Collected data:
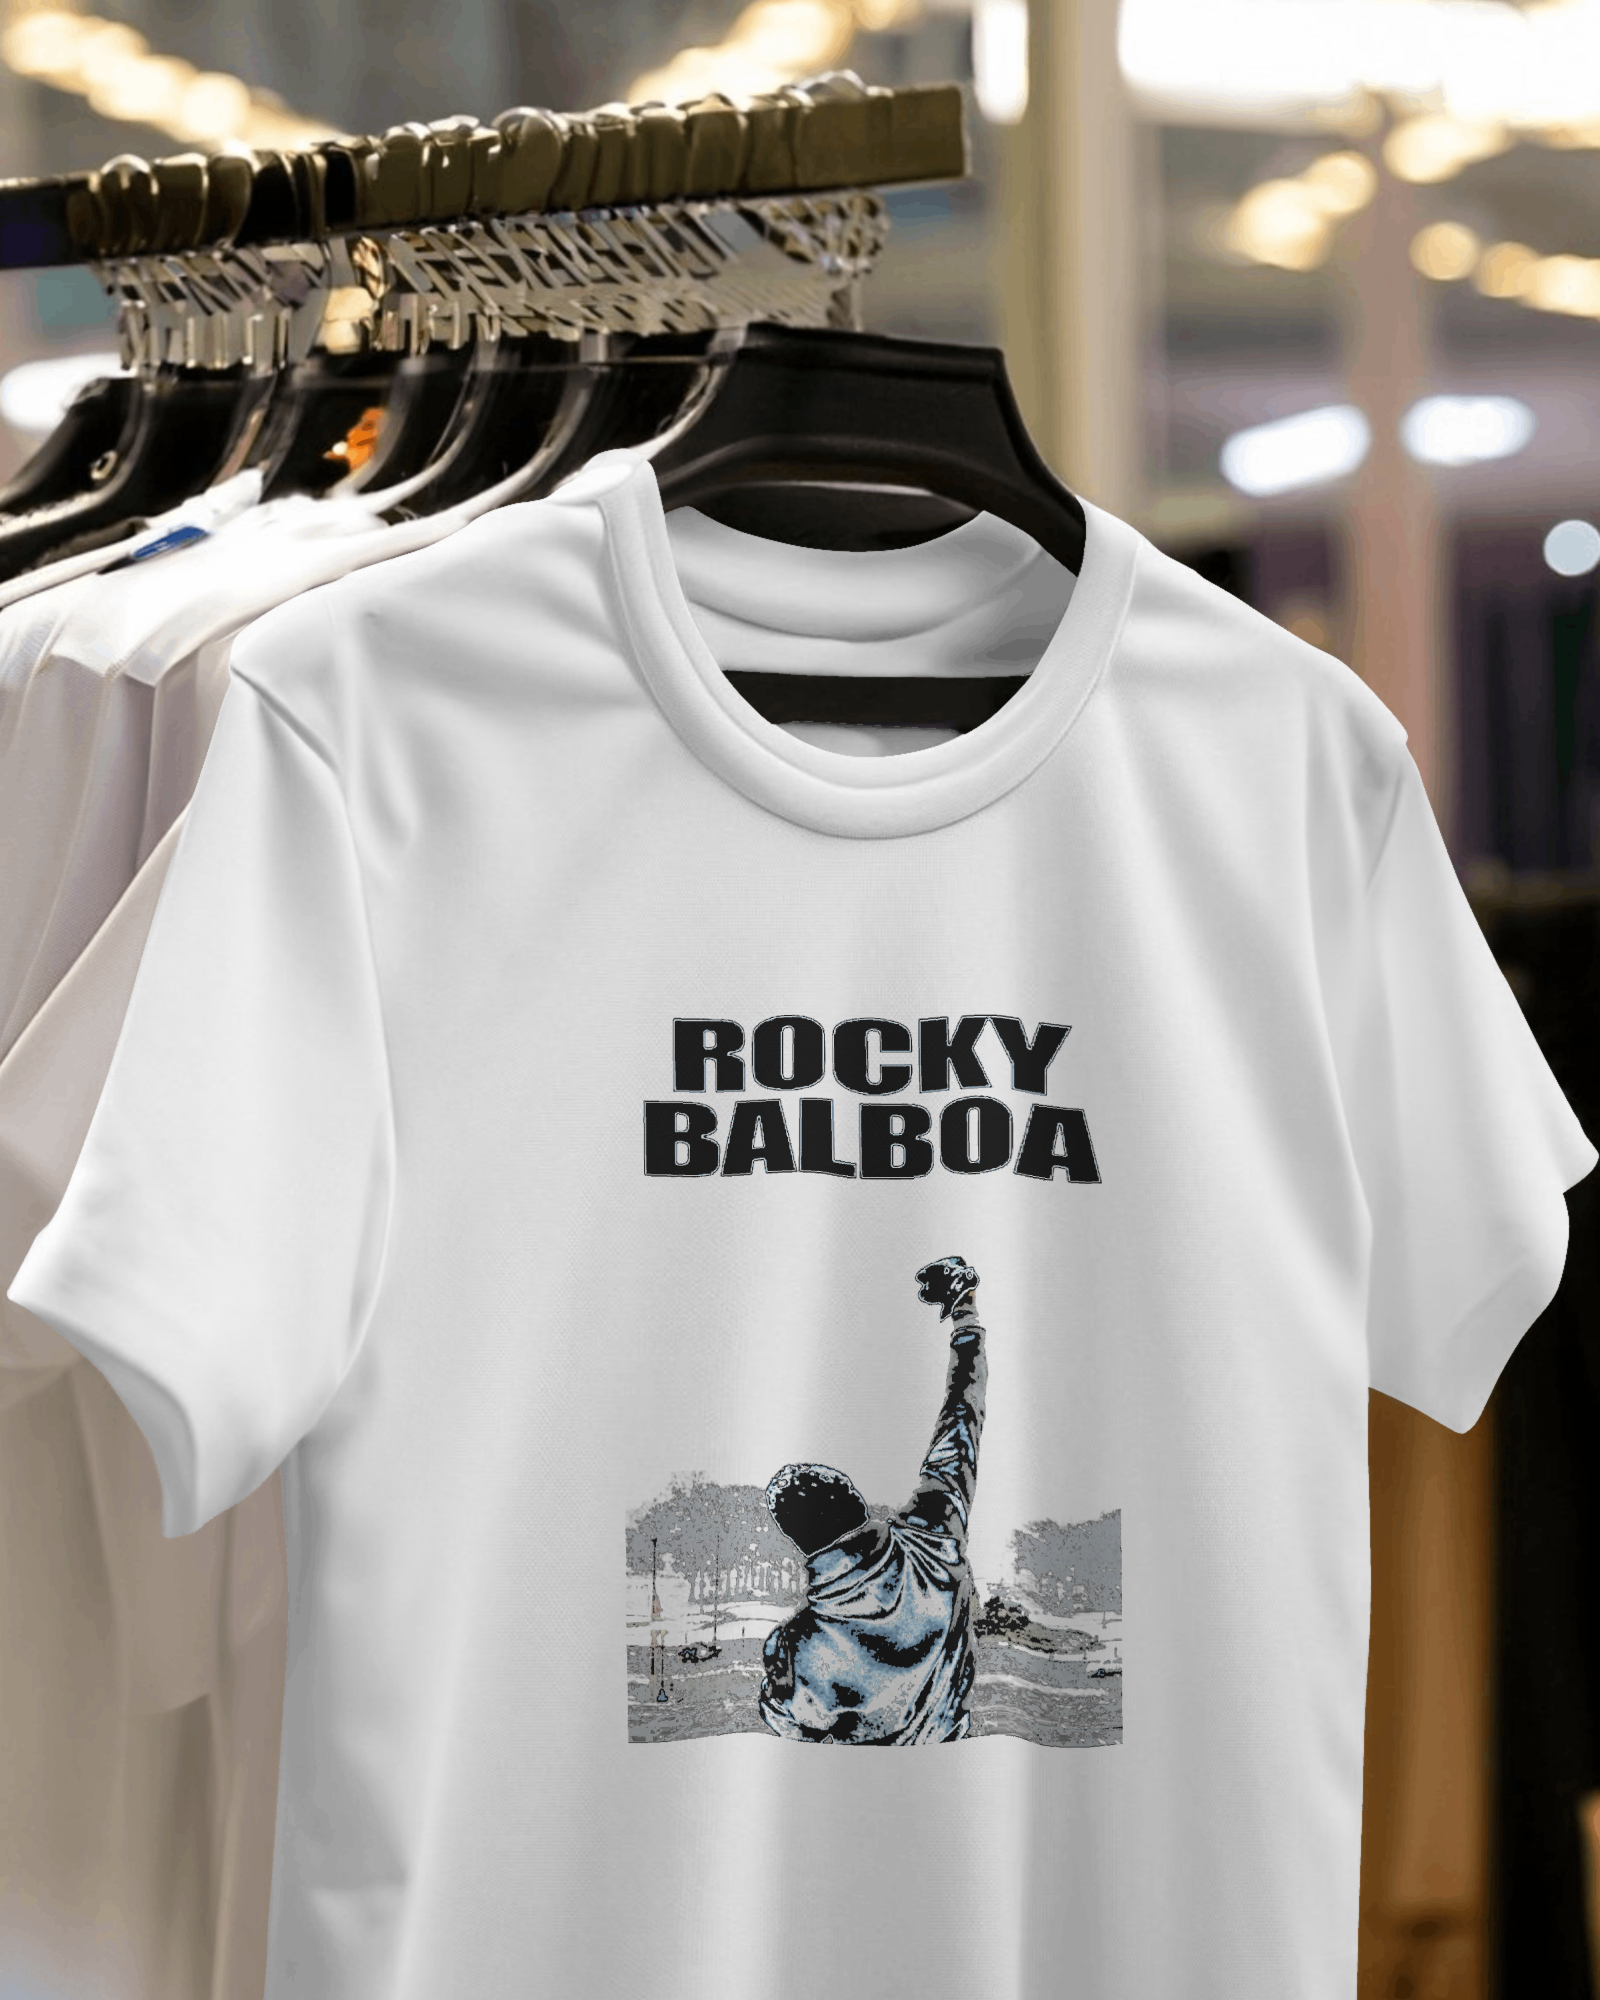 "ROCKY BALBOA" Poster Printed Tshirt
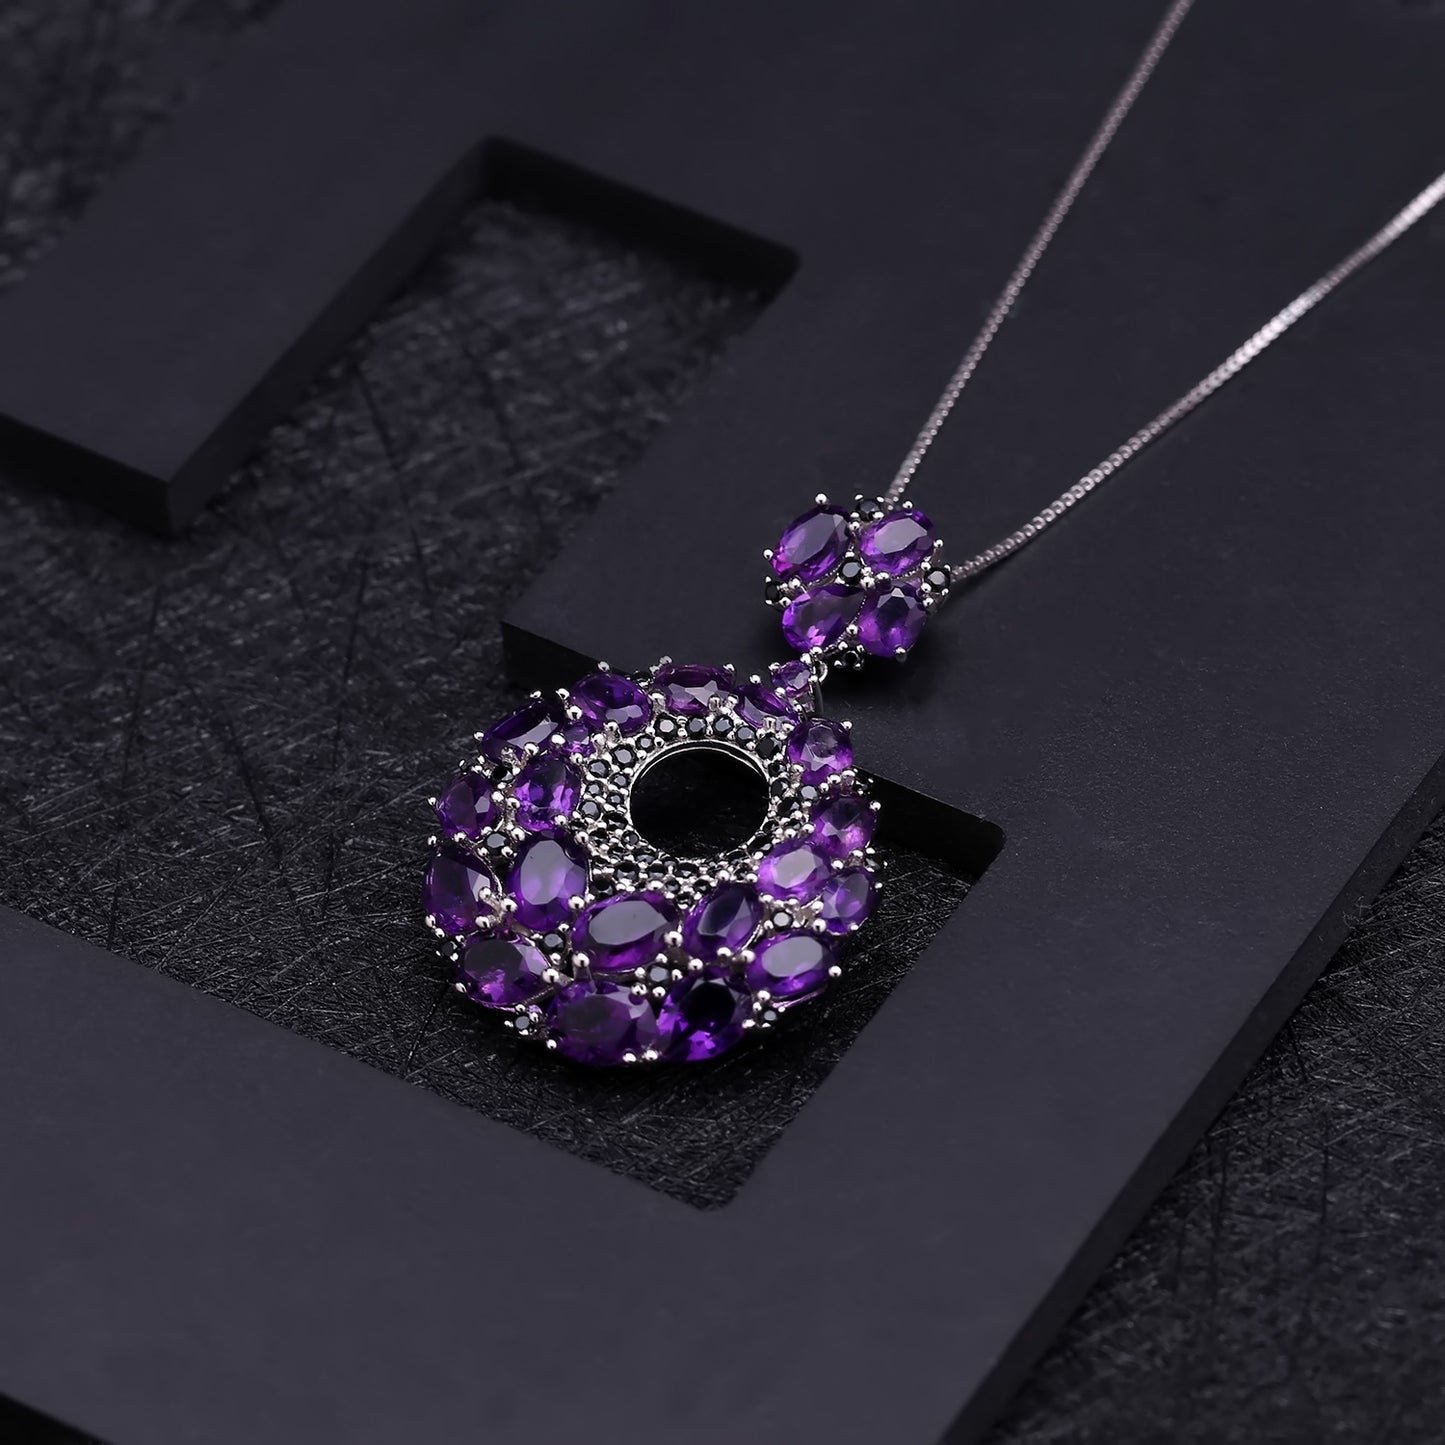 Hollow Circle Pendant Natural Gemstones Silver Necklace
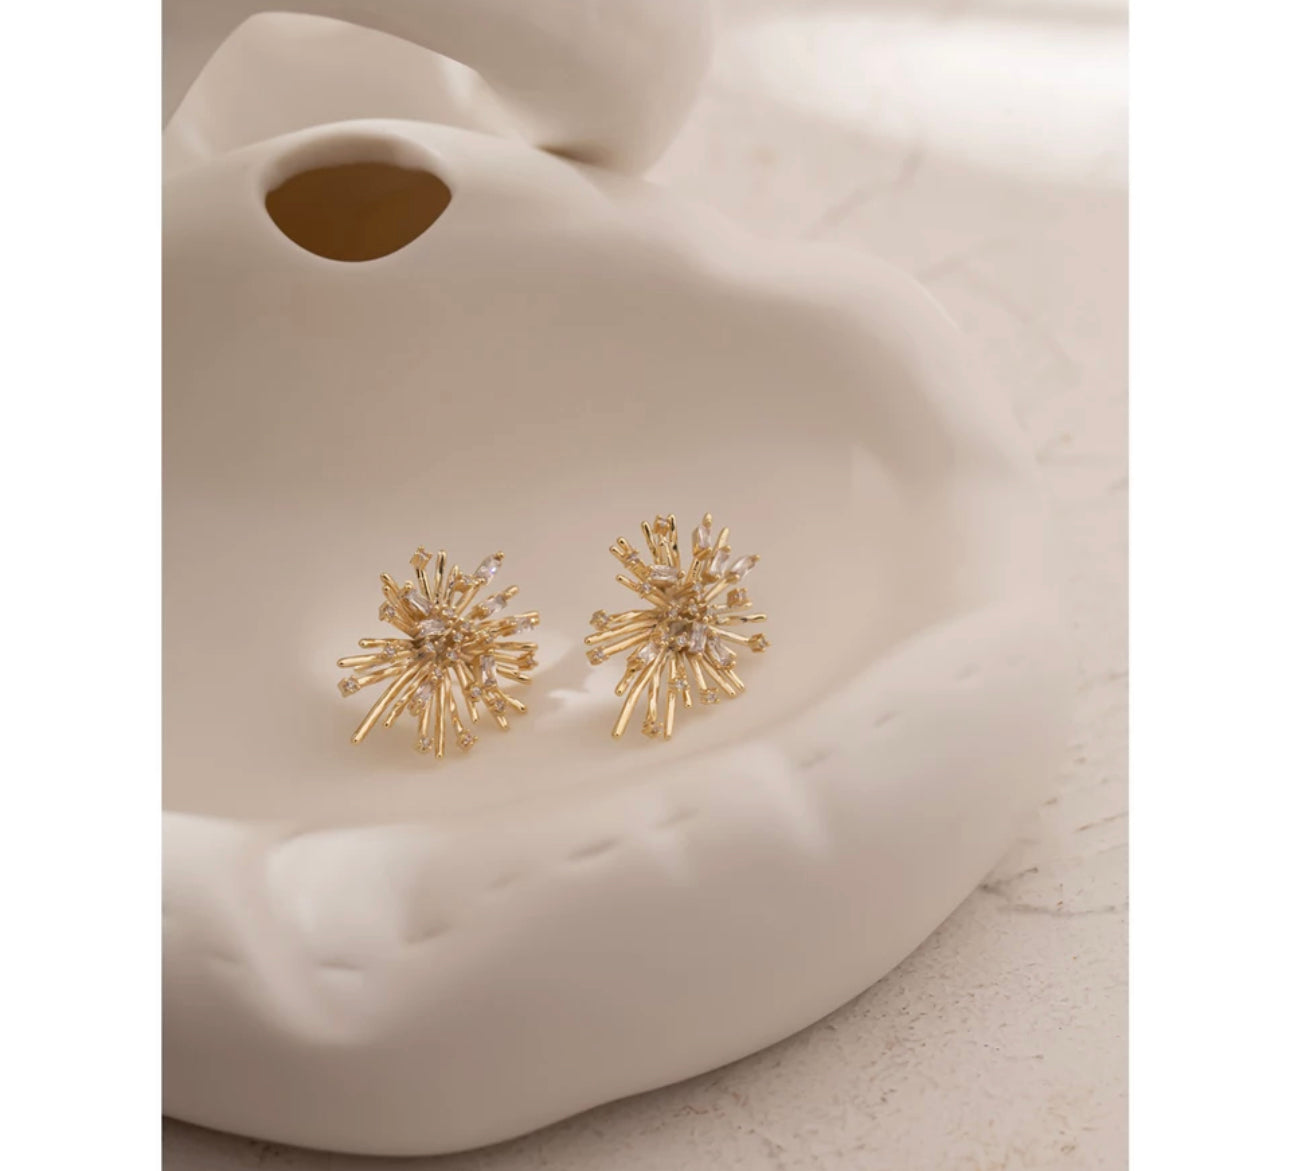 Erika Williner Designs - Stardust earrings

Prompt: Here the requirement is to restate exactly the line holding "Hollow Circle Pendant" and every later line through the end of the material, omitting pictures.

Result:
 Hollow Circle Pendant Natural Gemstones Silver Necklace
 Erika Williner Designs - Stardust earrings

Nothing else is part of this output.